[DATASET RECORDS — start]

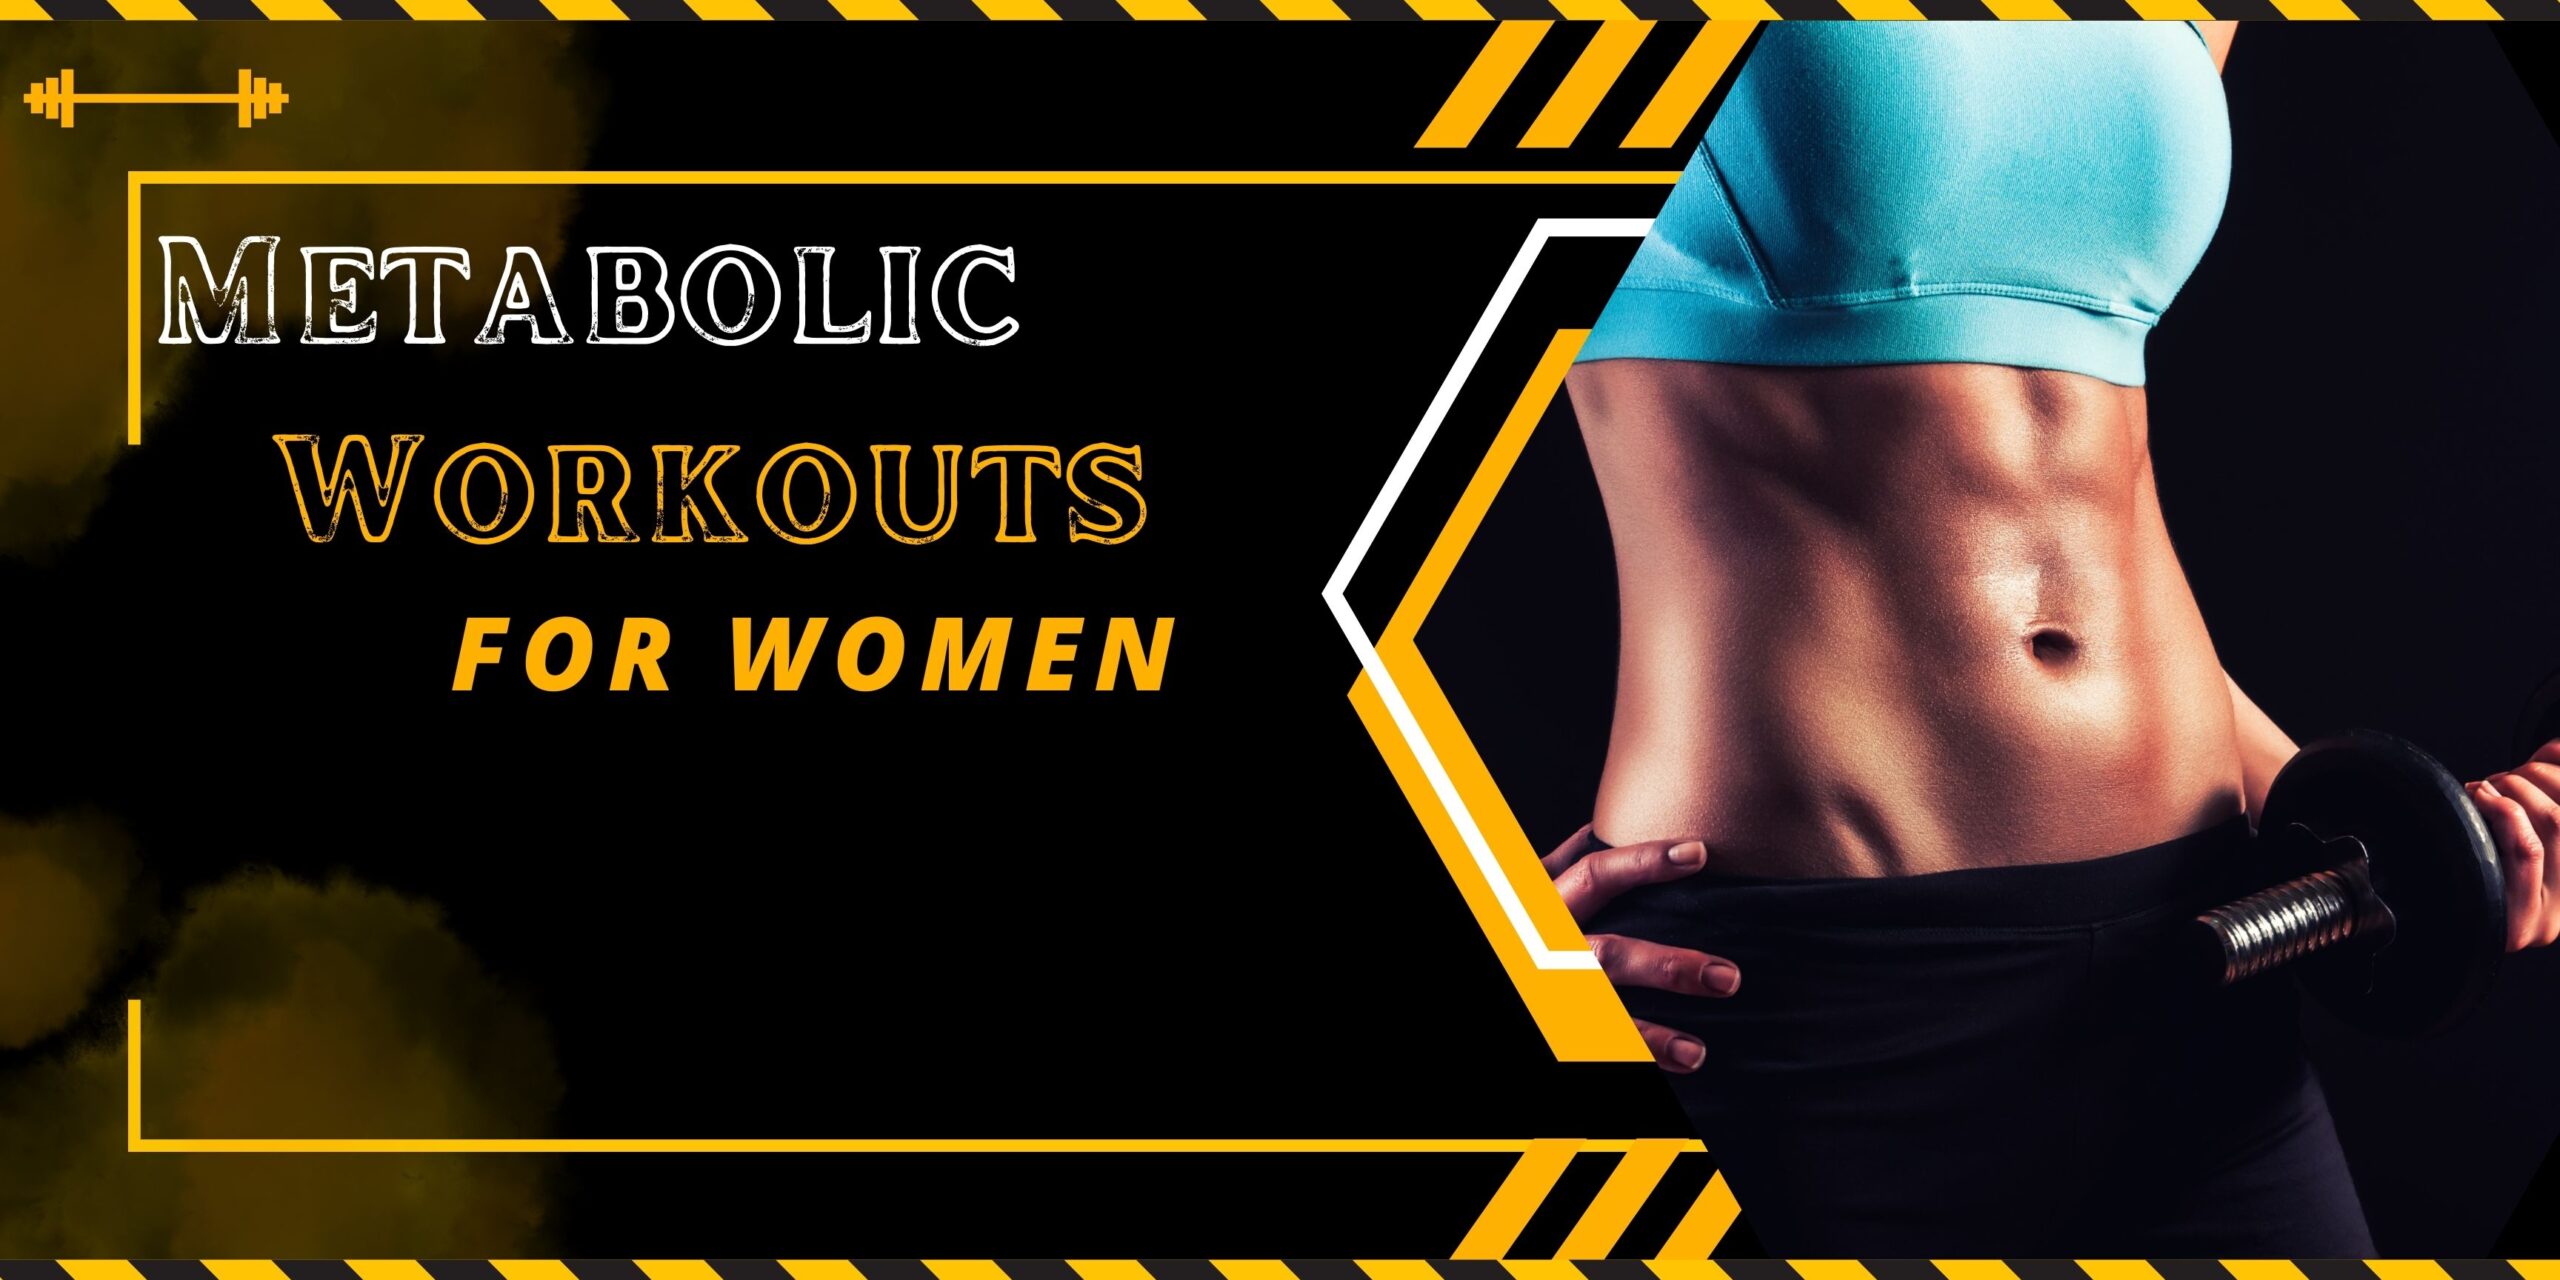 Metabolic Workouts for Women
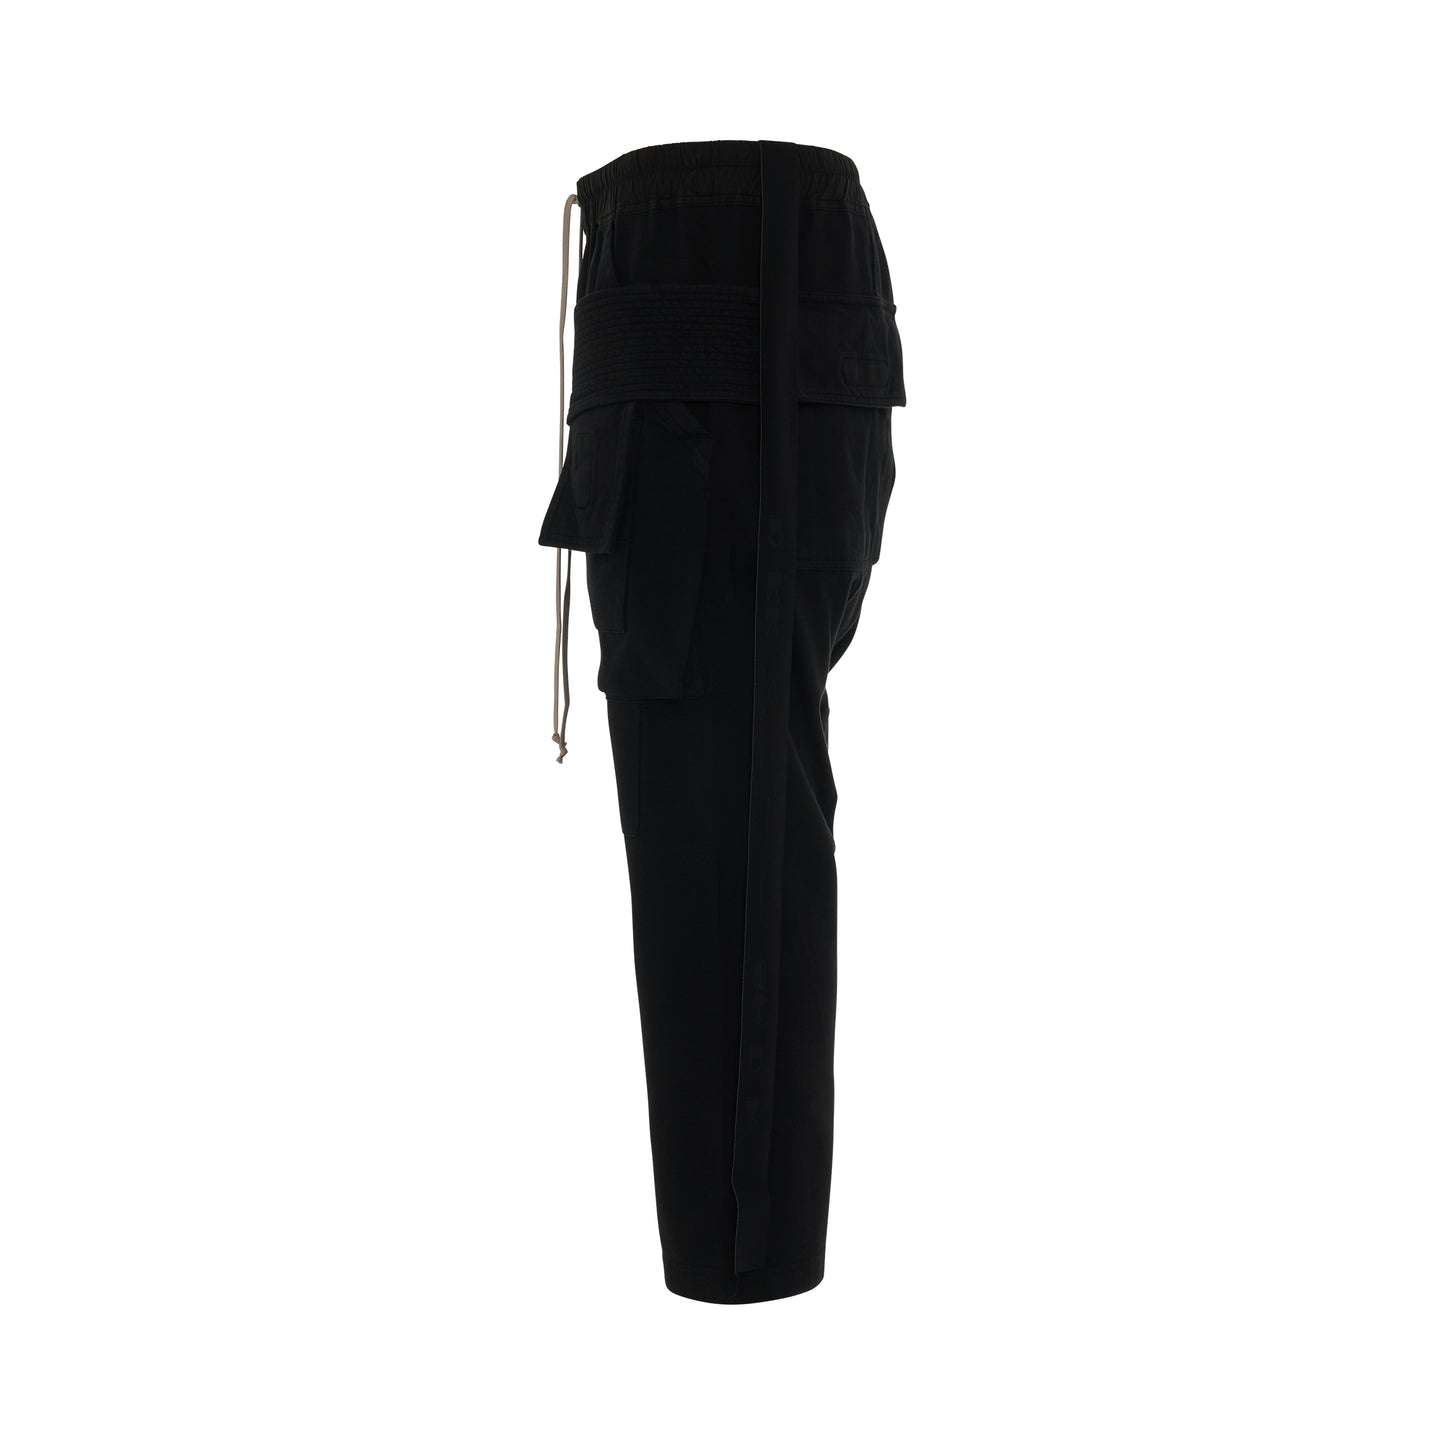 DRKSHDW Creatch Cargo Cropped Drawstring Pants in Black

[DATASET RECORDS — finish]
[DATASET RECORDS — start]

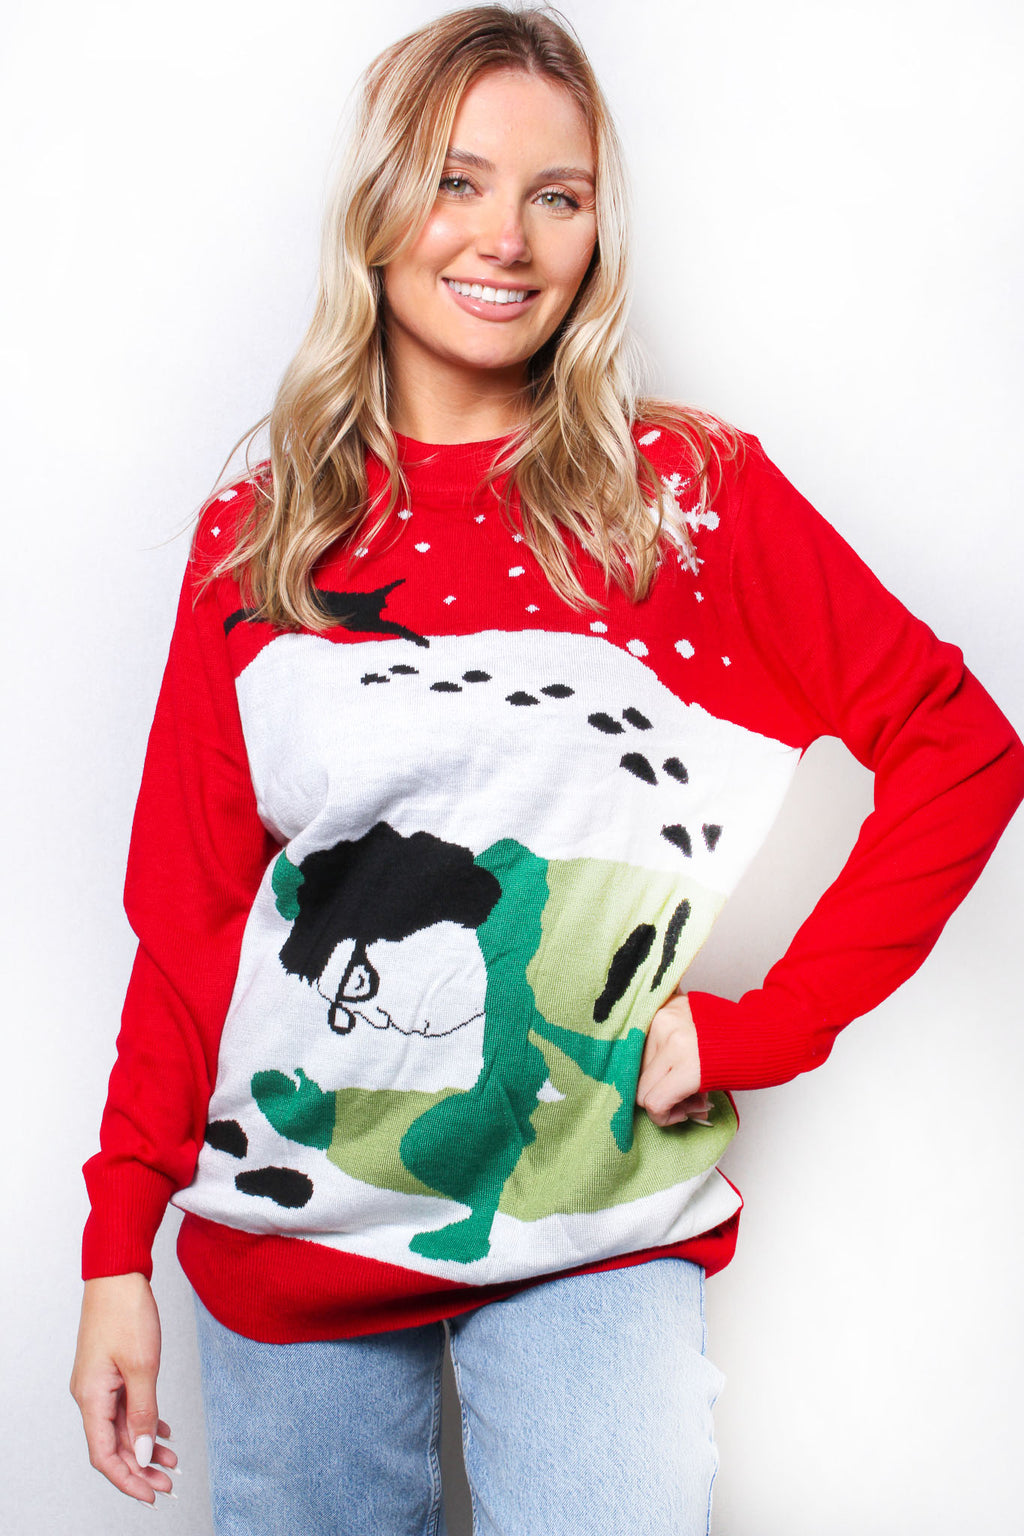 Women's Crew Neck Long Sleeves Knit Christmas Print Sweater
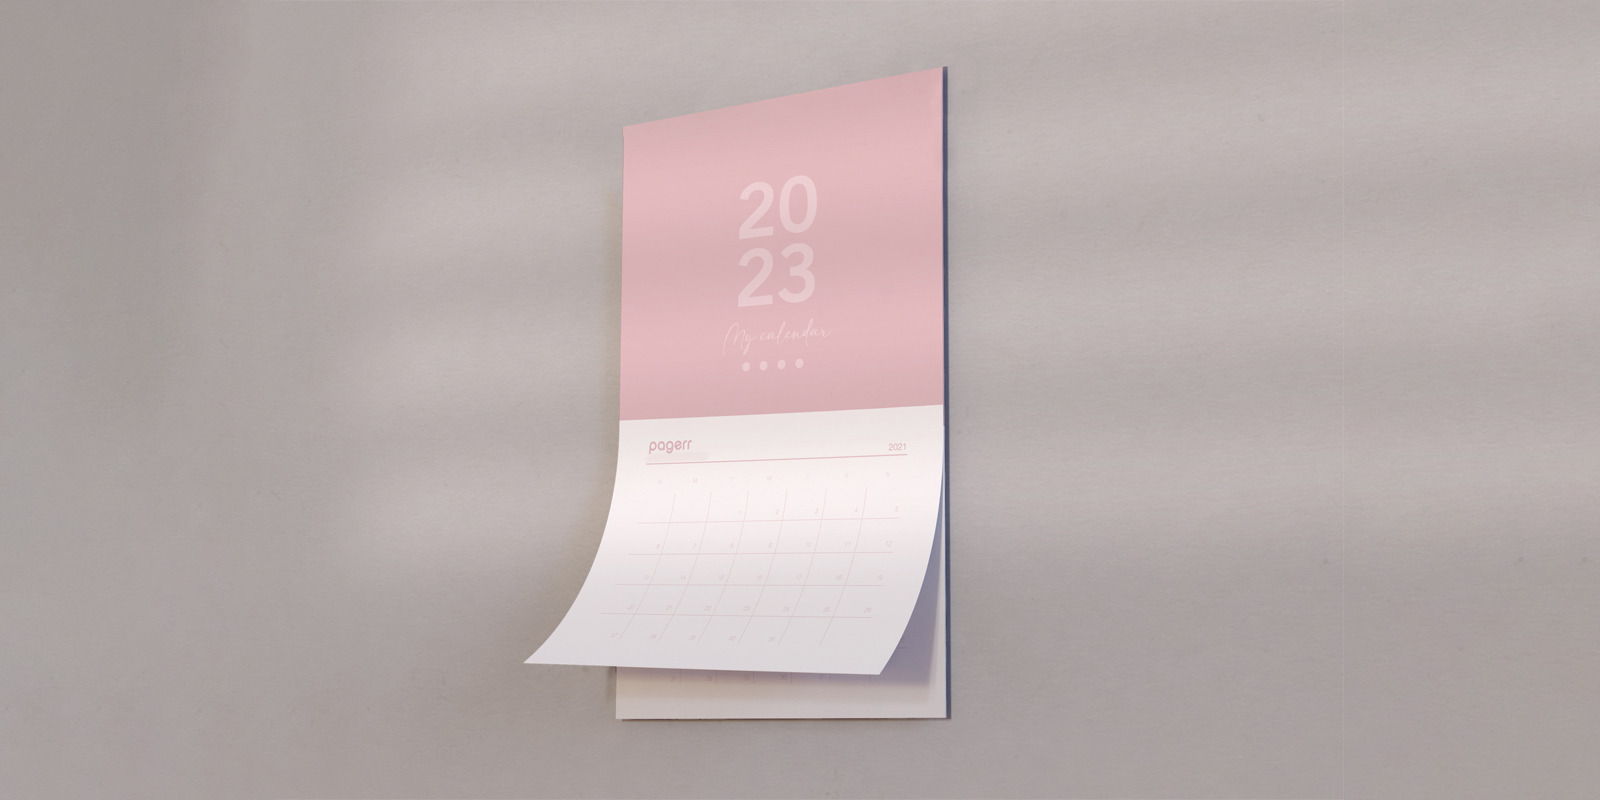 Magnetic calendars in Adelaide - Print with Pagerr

[DATASET RECORDS — finish]
[DATASET RECORDS — start]

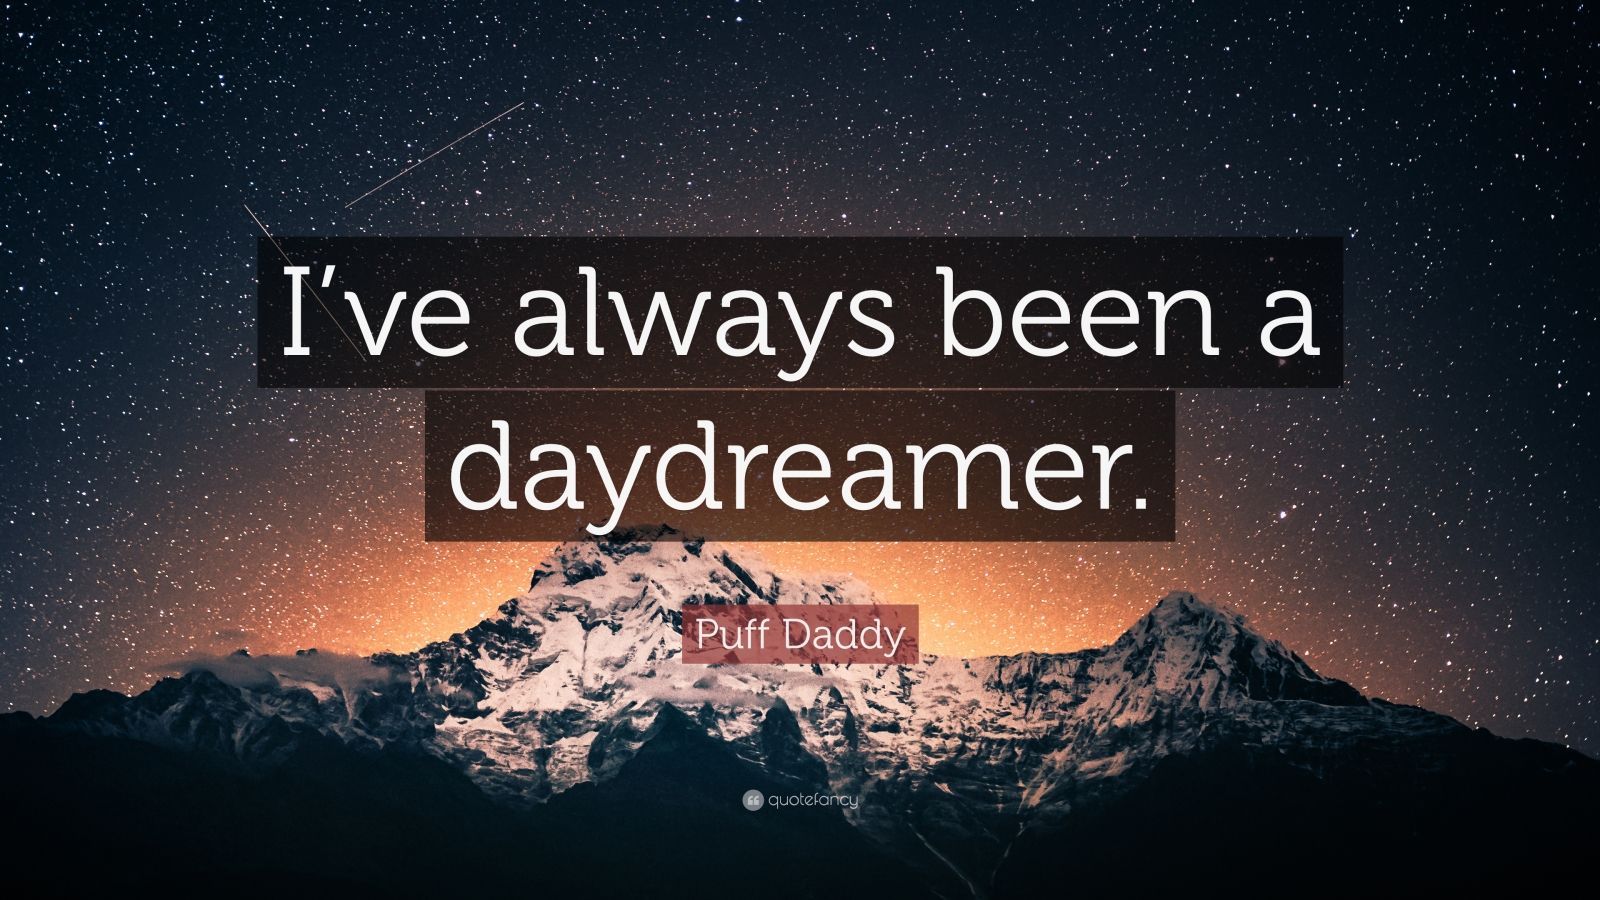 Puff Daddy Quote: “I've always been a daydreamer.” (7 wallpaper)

[DATASET RECORDS — finish]

*WHAT YOU ARE ASKED TO DO*: Retype the lines above exactly as they appear, from the line containing "Women's Crew Neck" through the line containing "Magnetic calendars in", and leave out any pictures.

*TASK OUTPUT*:
 Women's Crew Neck Long Sleeves Knit Christmas Print Sweater
 Magnetic calendars in Adelaide - Print with Pagerr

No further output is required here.